=== Available data ===

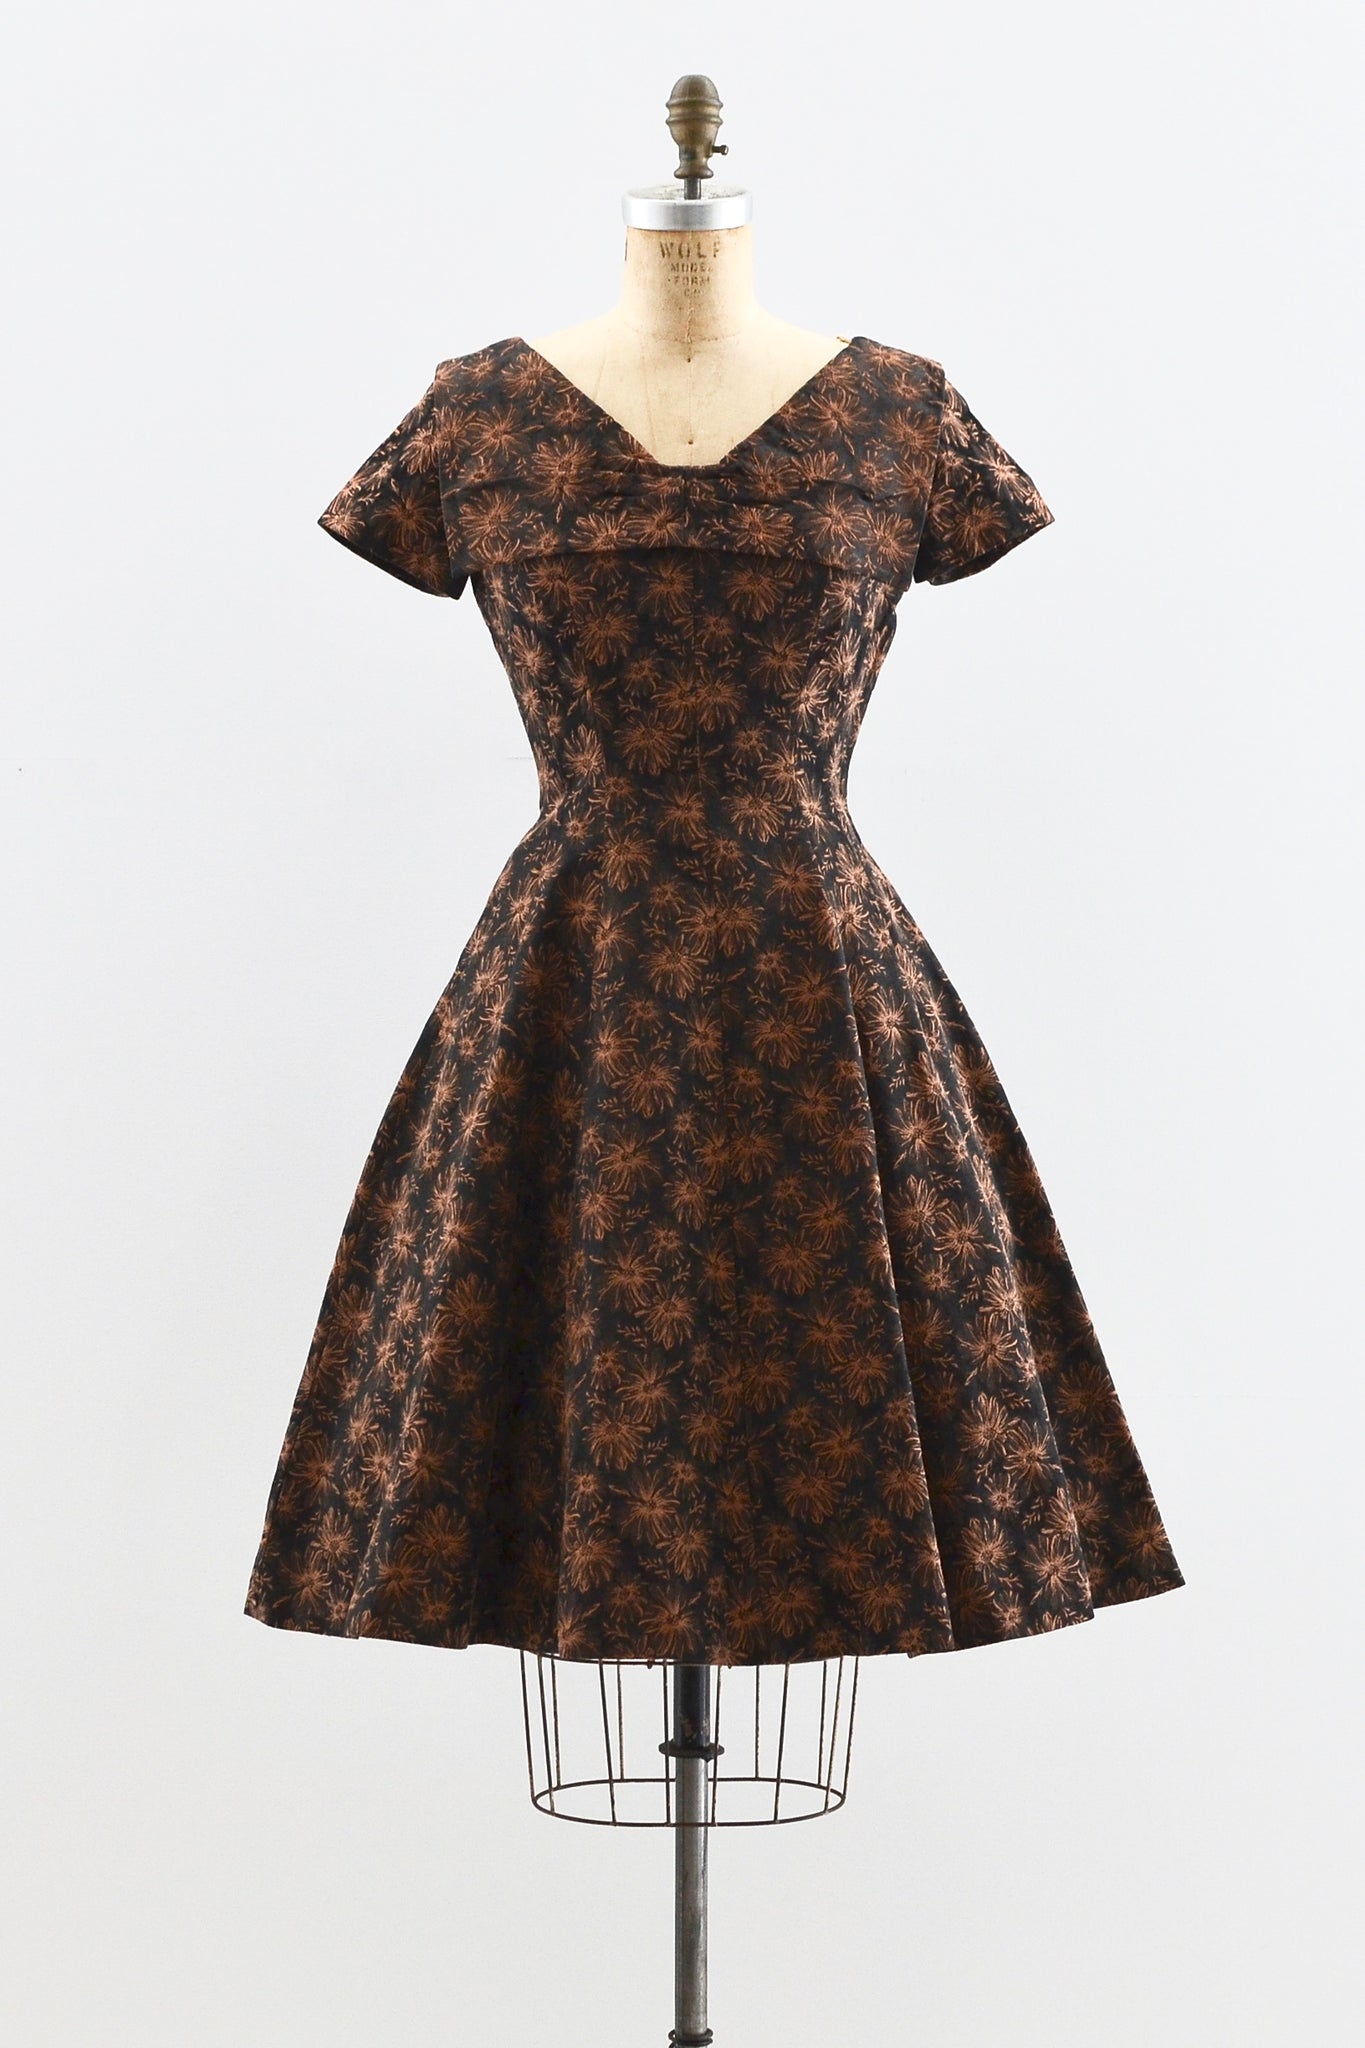 Minx Modes Dress - Pickled Vintage
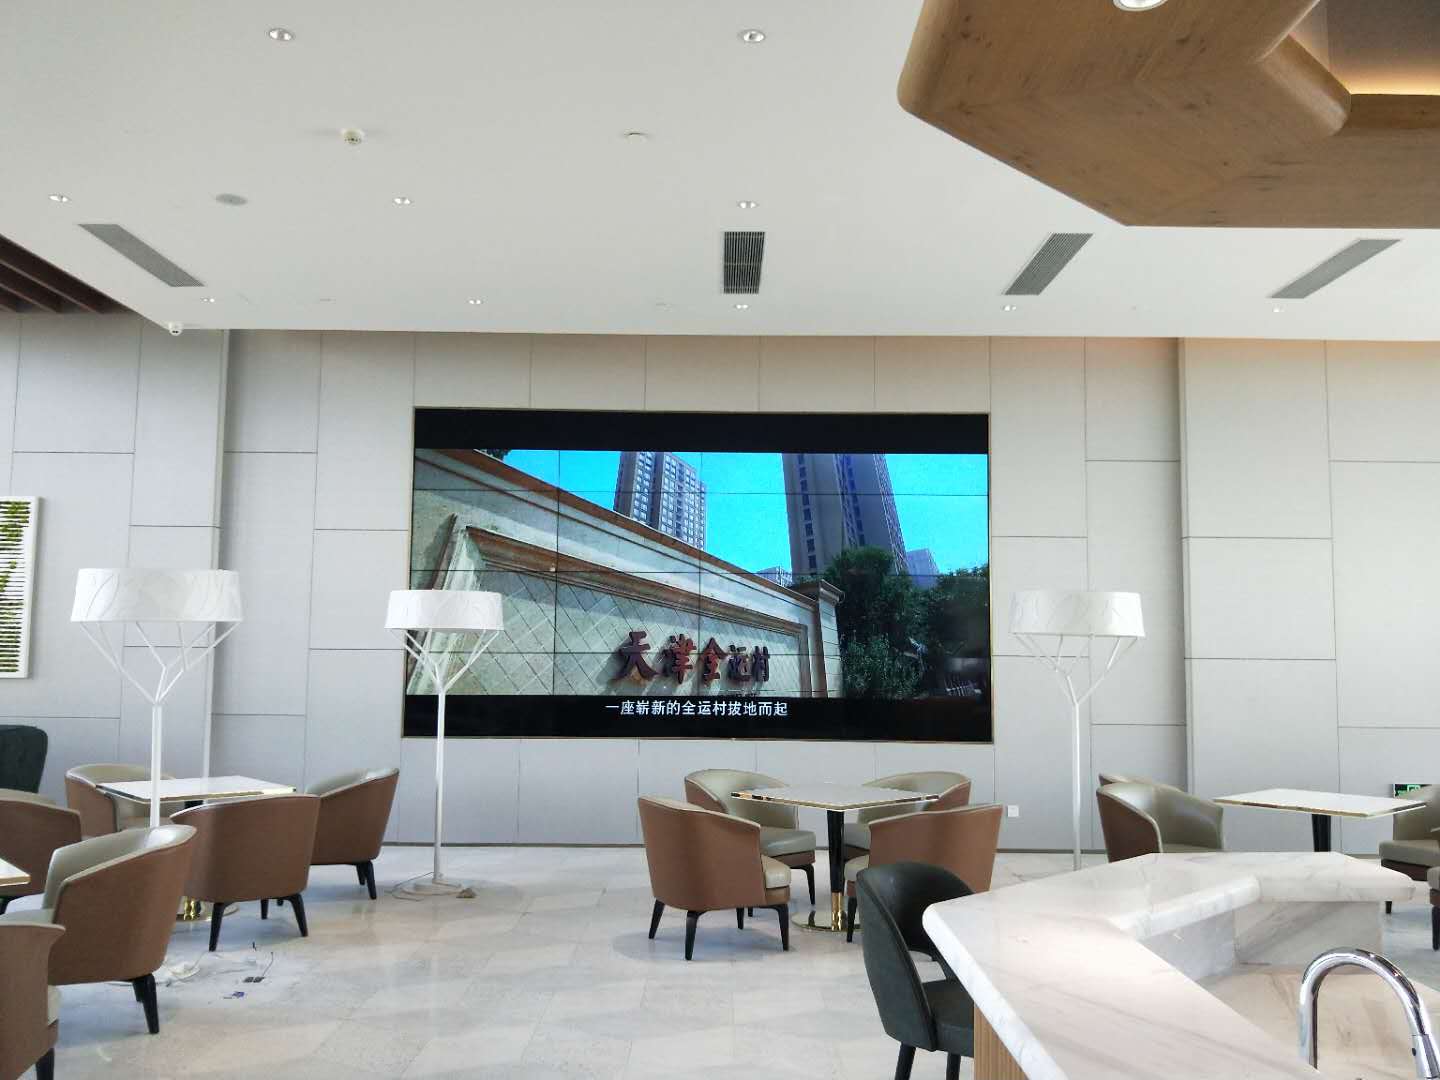 企业大厅展览展示锐丽视频墙.jpg
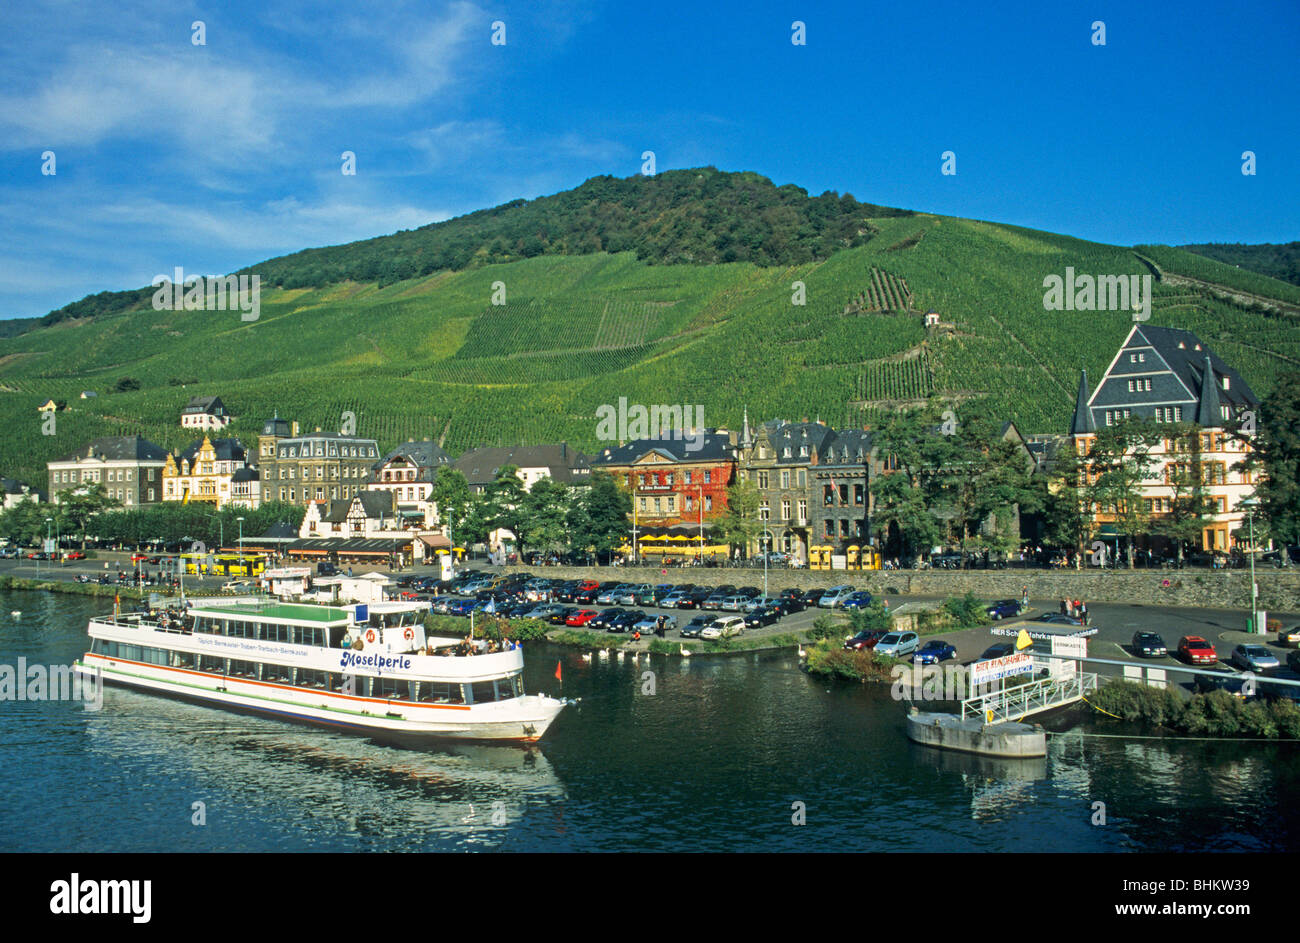 Bernkastel, River Moselle, Rhineland-Palatinate, Germany Stock Photo
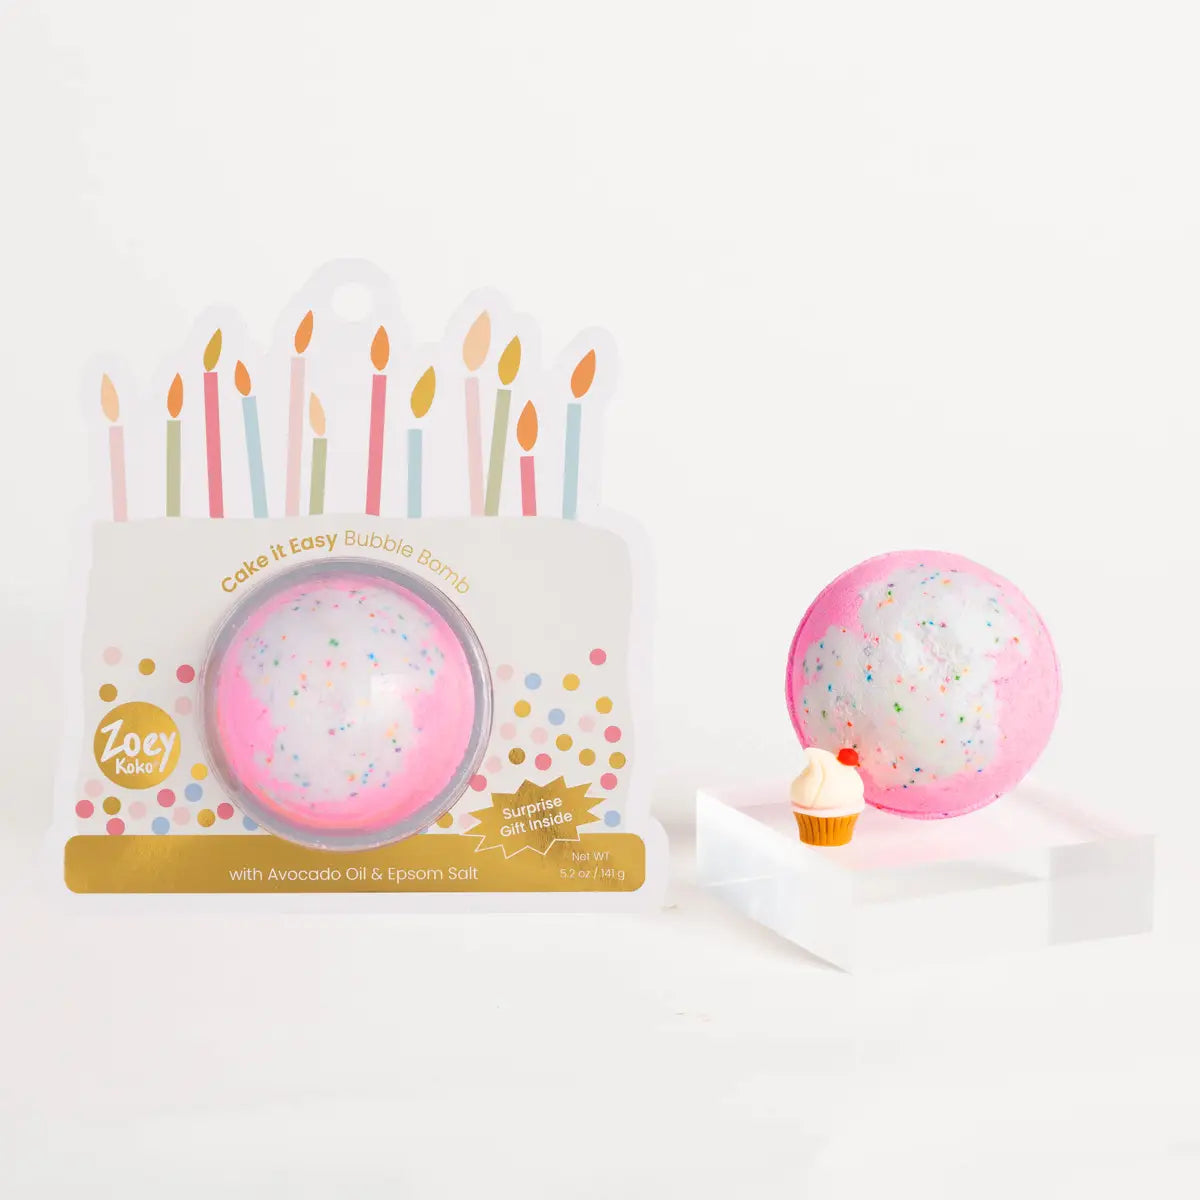 Surprise Bubble Bomb | Cake it Easy
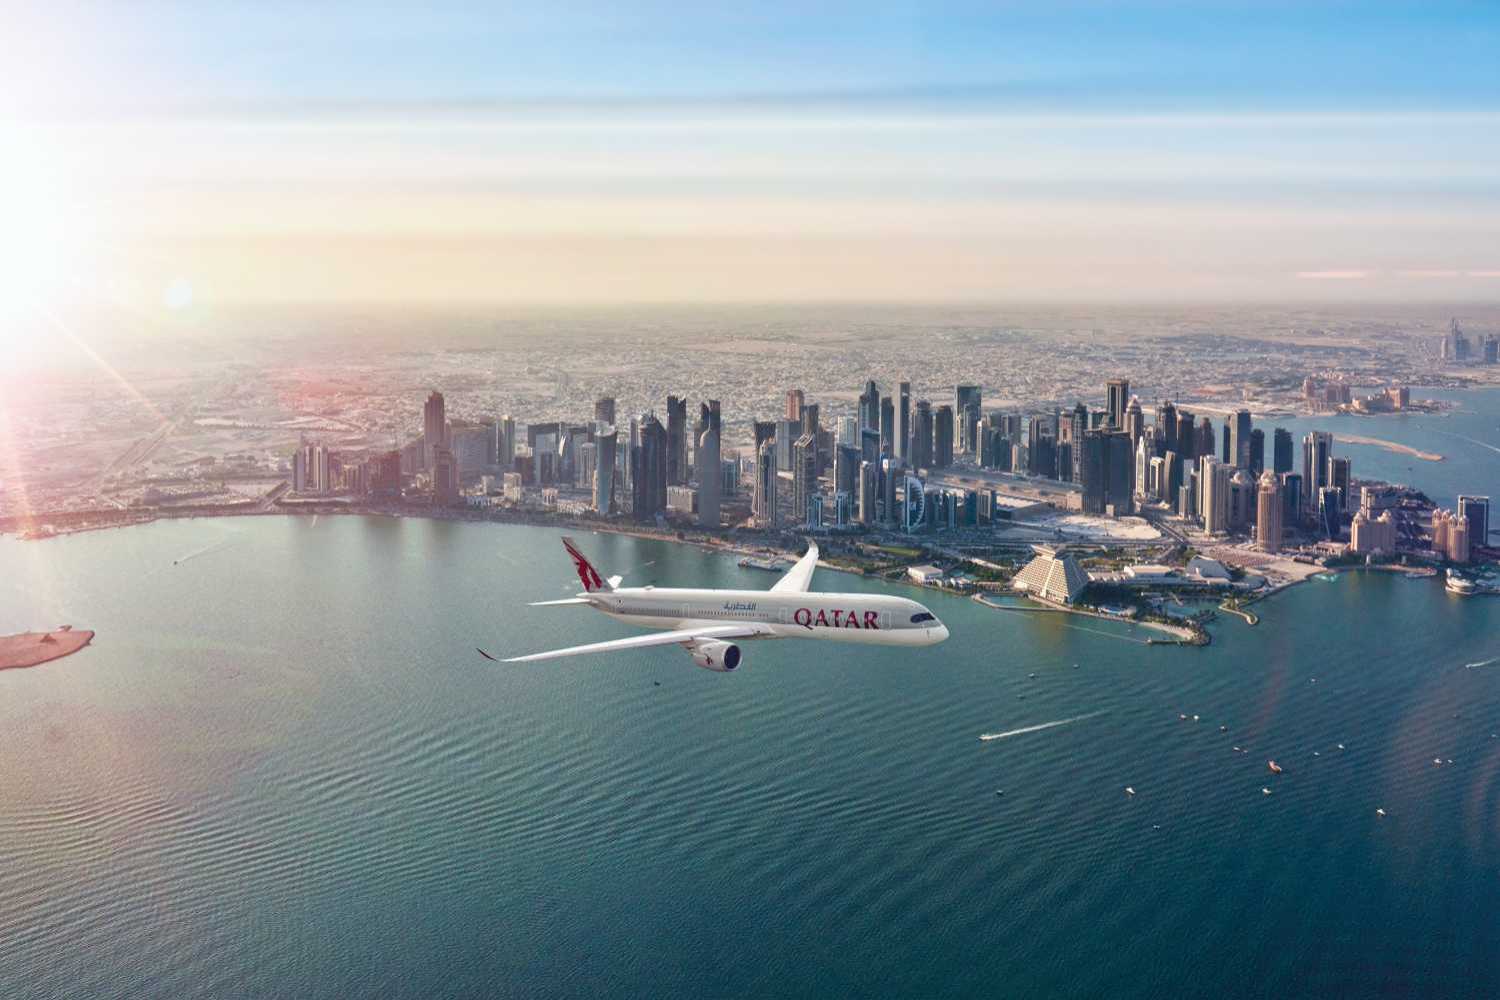 qatar airways gutscheincode gutscheine rabatt gutscheincode

===

Work instruction:
Retype the entries verbatim and drop the pictures.

Exercise answer:
 Minx Modes Dress - Pickled Vintage
 企业大厅展览展示锐丽视频墙.jpg
 Bernkastel, River Moselle, Rhineland-Palatinate, Germany Stock Photo
 Surprise Bubble Bomb | Cake it Easy
 qatar airways gutscheincode gutscheine rabatt gutscheincode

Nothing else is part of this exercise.